◆ **WHAT YOU HAVE TO DO**:
Write the data out again exactly, with no pictures.

◆ **DATASET CONTENT**:
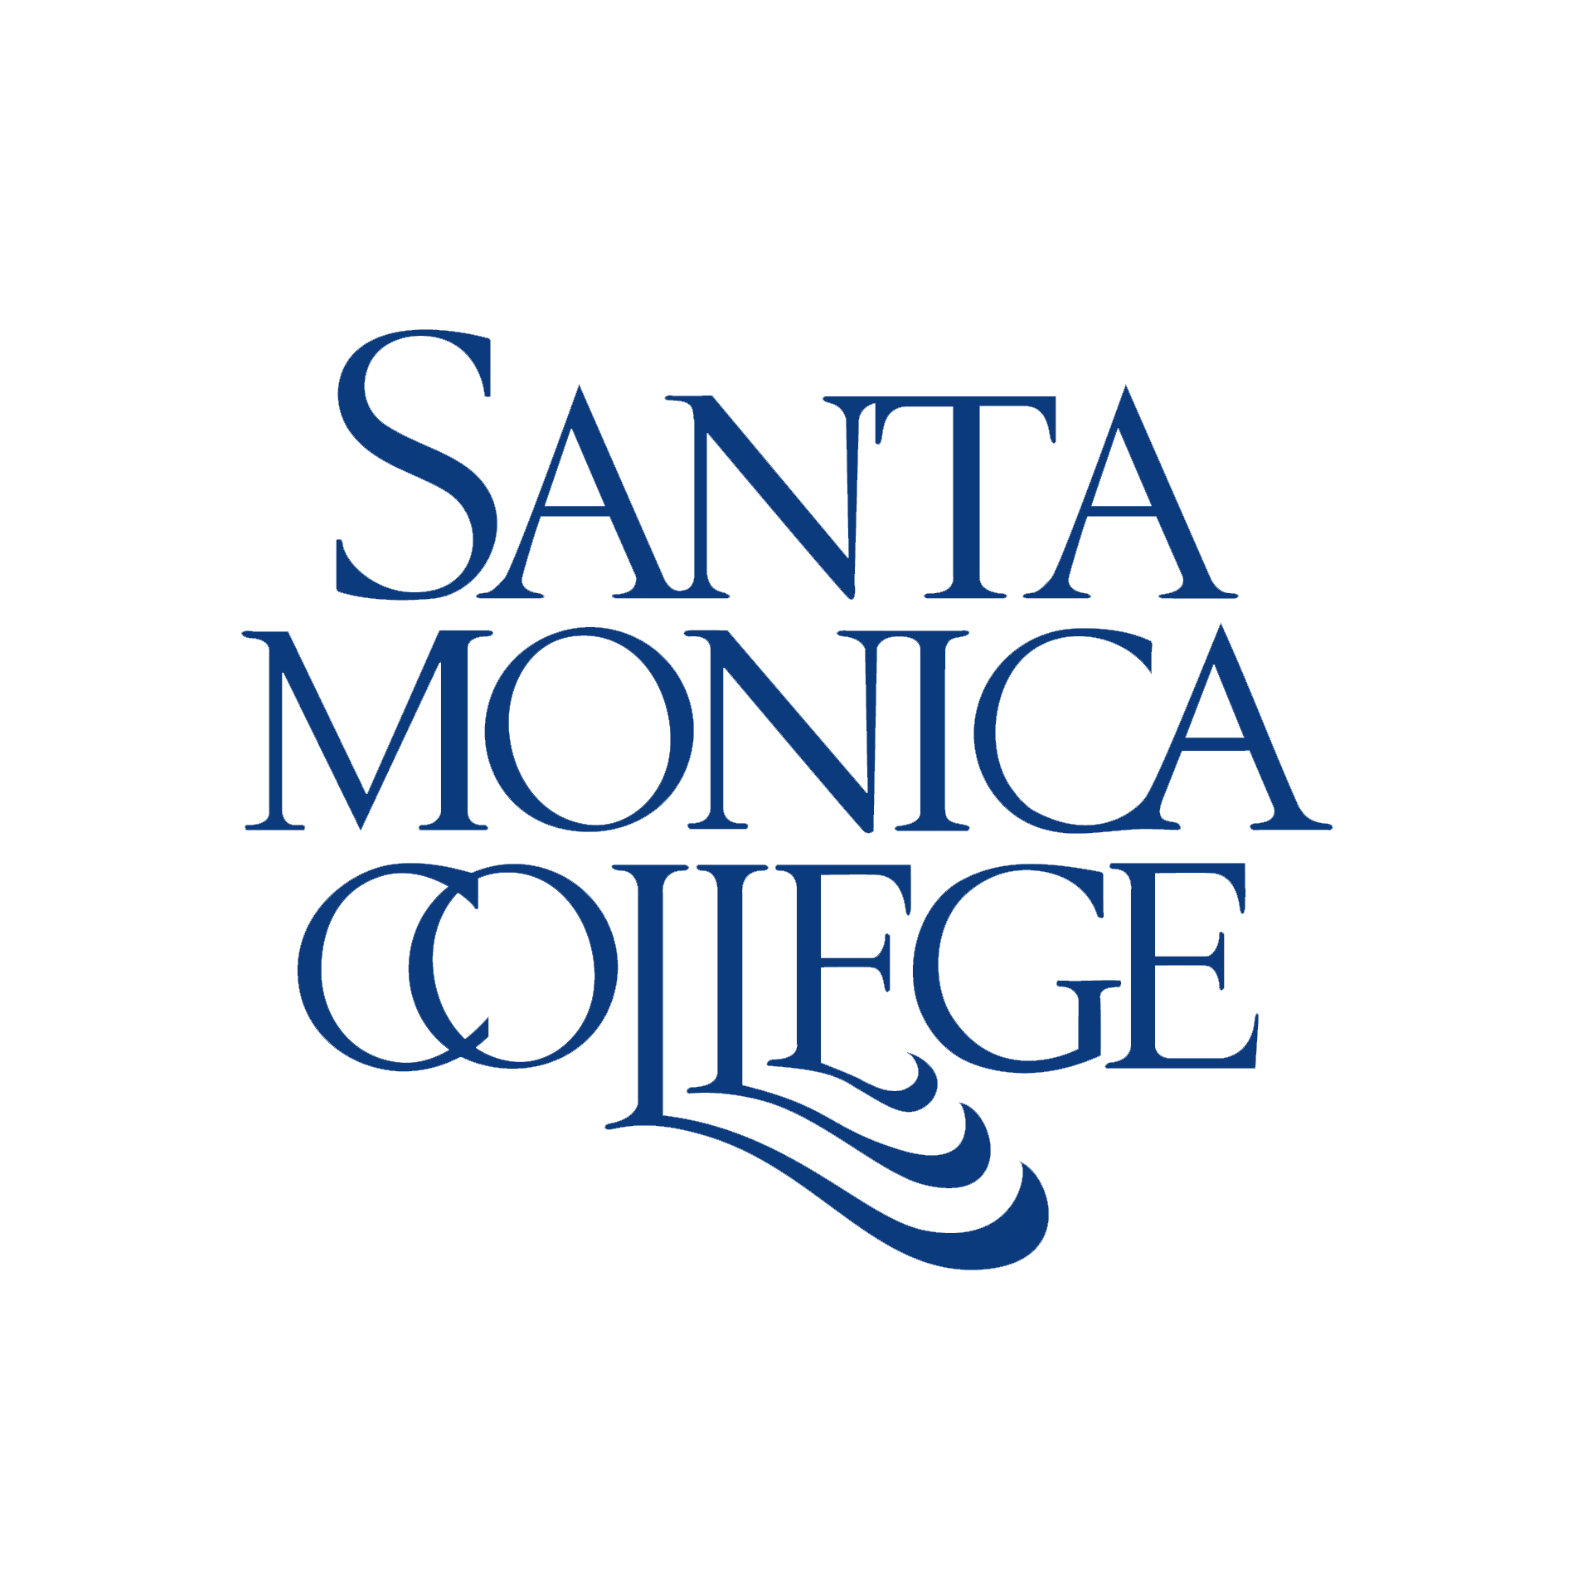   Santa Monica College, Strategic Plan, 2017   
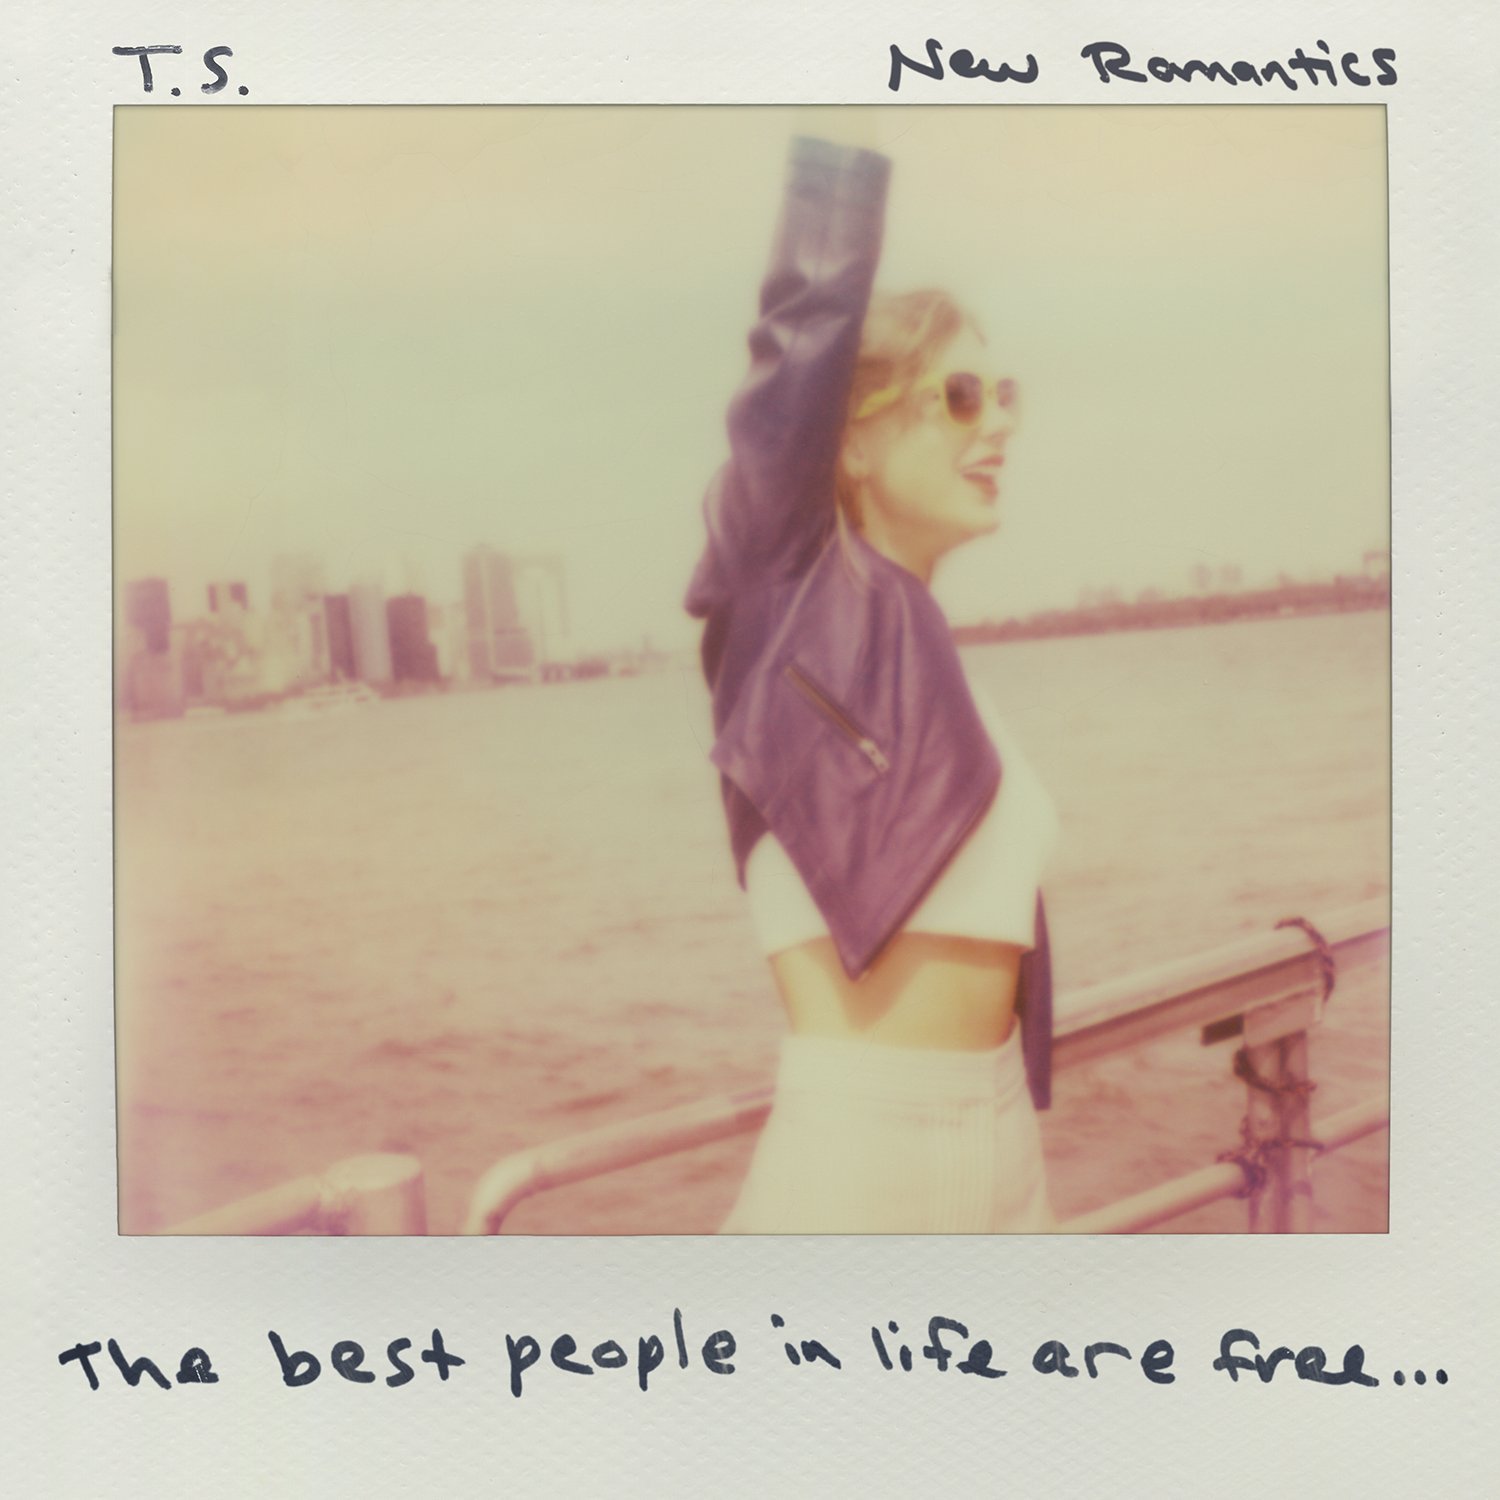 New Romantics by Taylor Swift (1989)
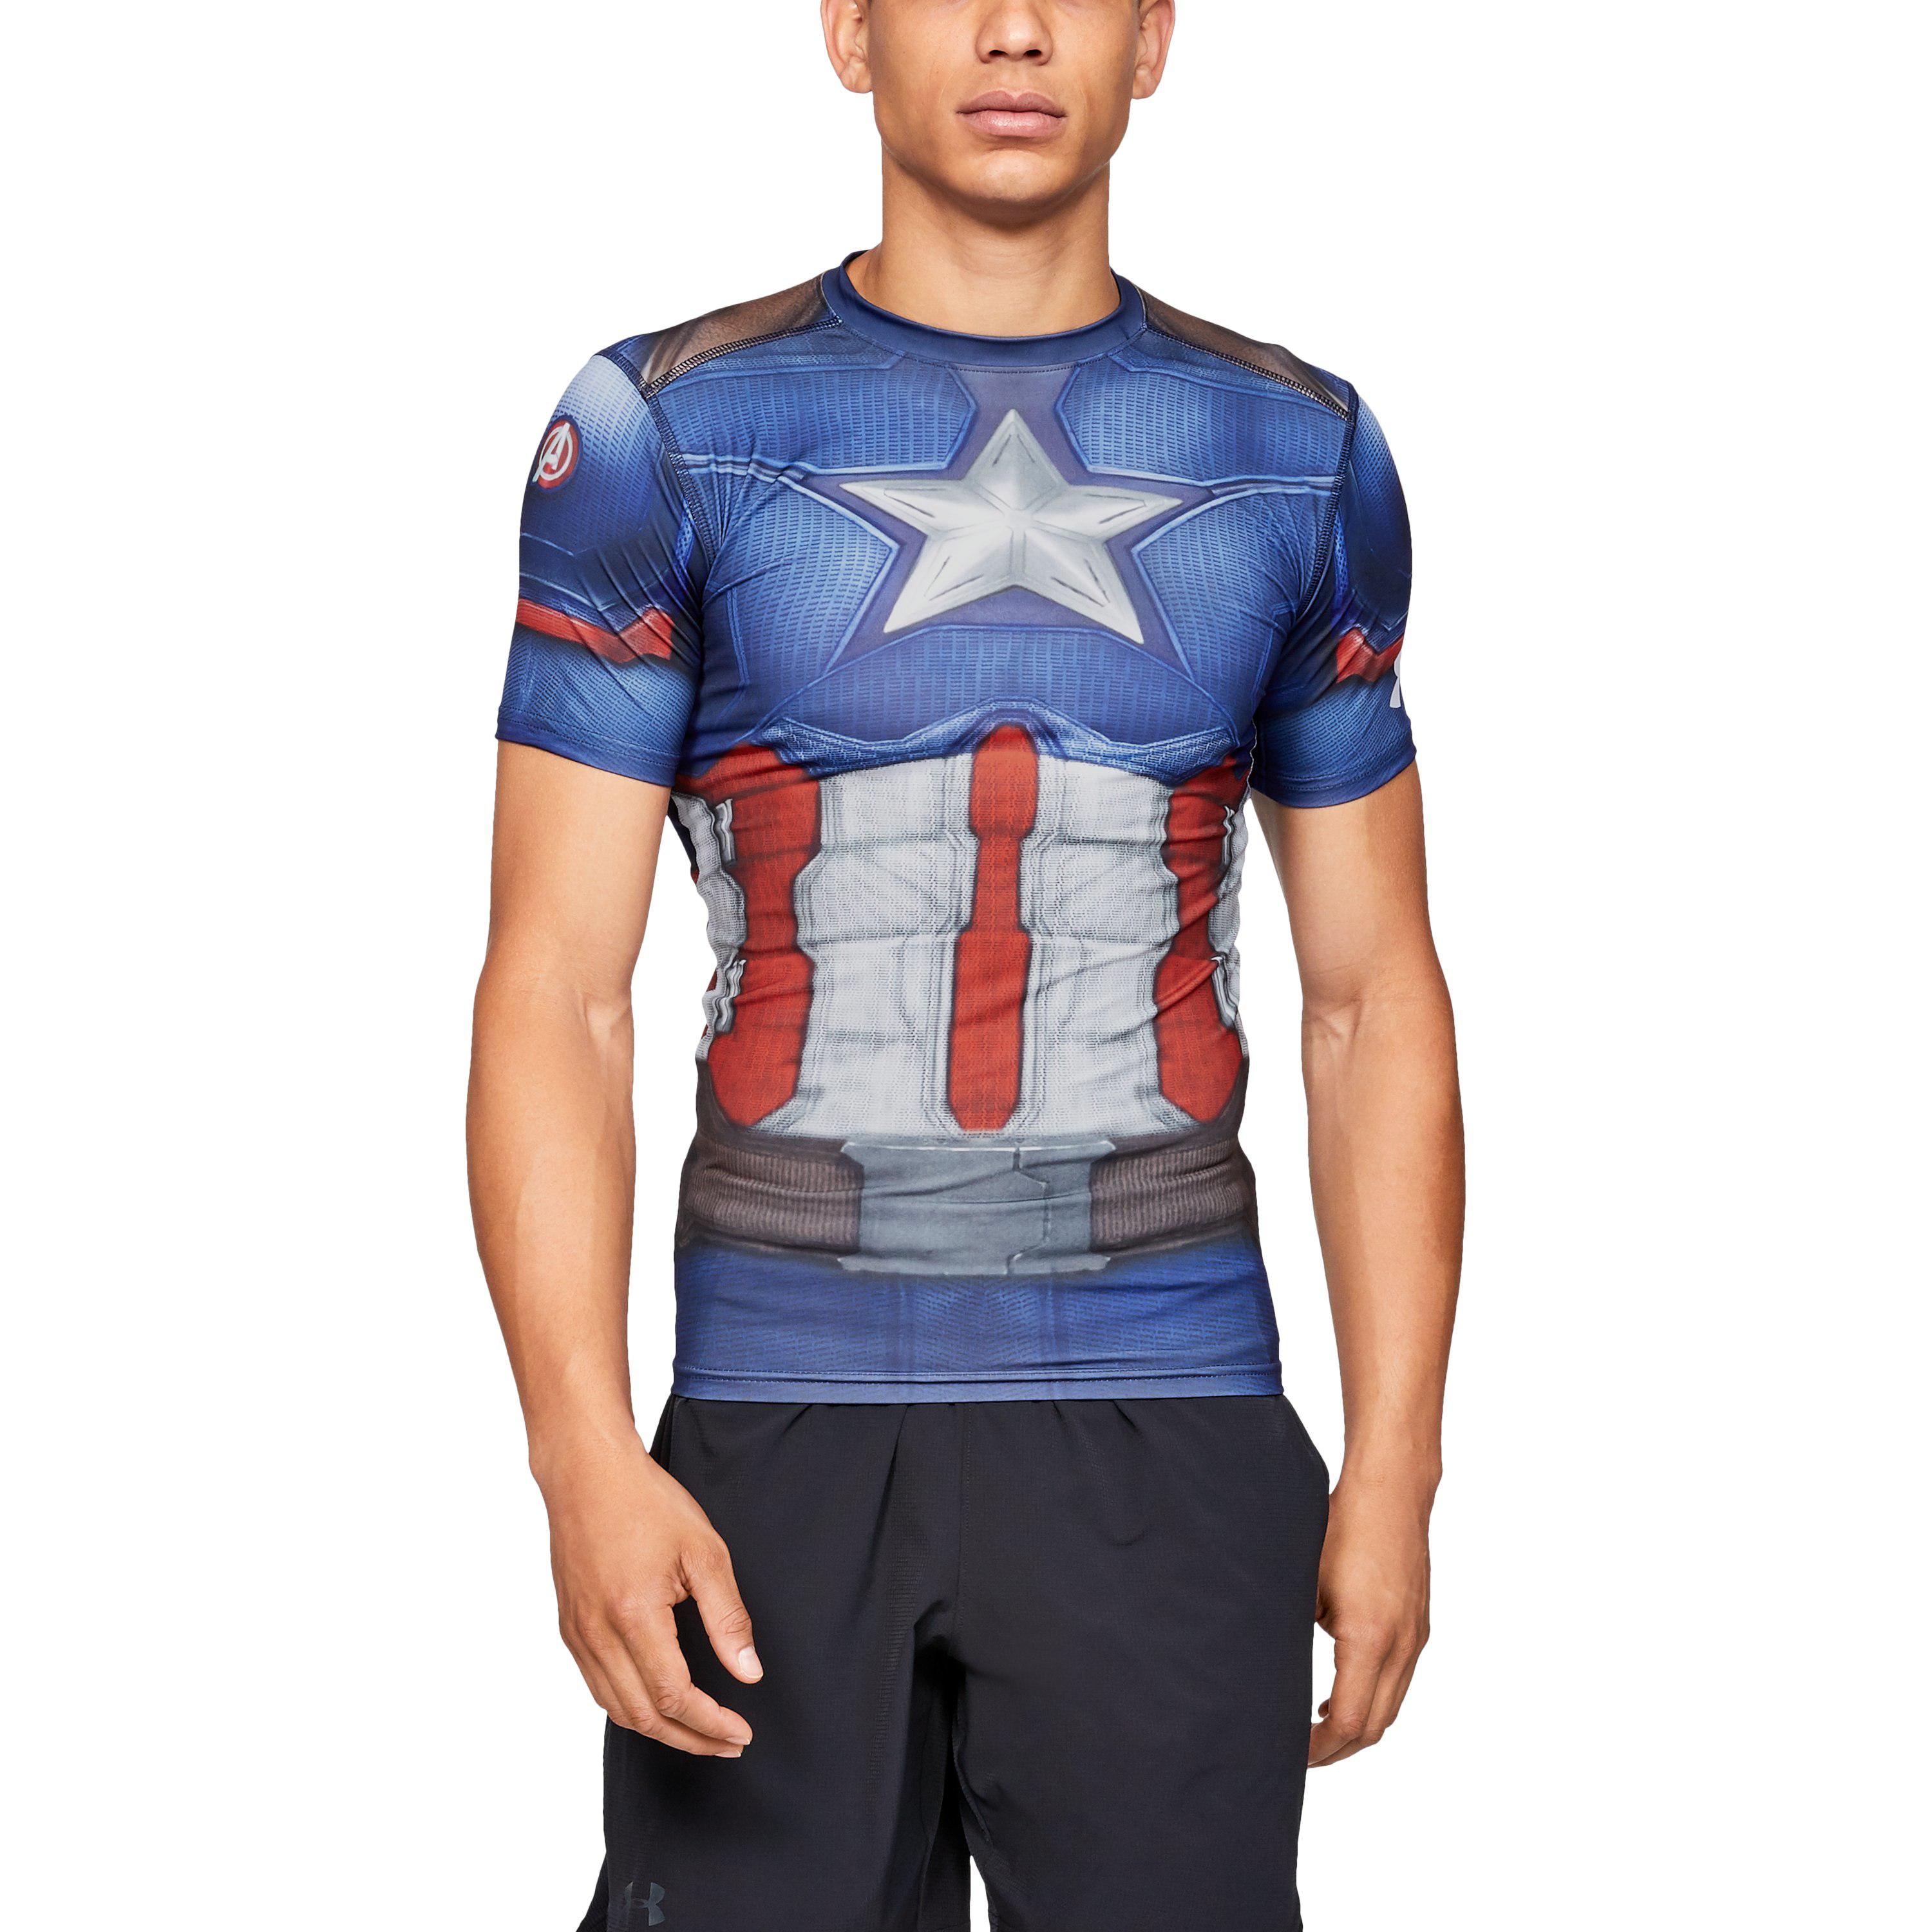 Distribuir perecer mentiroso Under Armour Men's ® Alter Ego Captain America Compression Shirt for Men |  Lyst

◆ **SOLUTION FOR THIS EXERCISE**:
   Santa Monica College, Strategic Plan, 2017   
 New Romantics by Taylor Swift (1989)
 Distribuir perecer mentiroso Under Armour Men's ® Alter Ego Captain America Compression Shirt for Men |  Lyst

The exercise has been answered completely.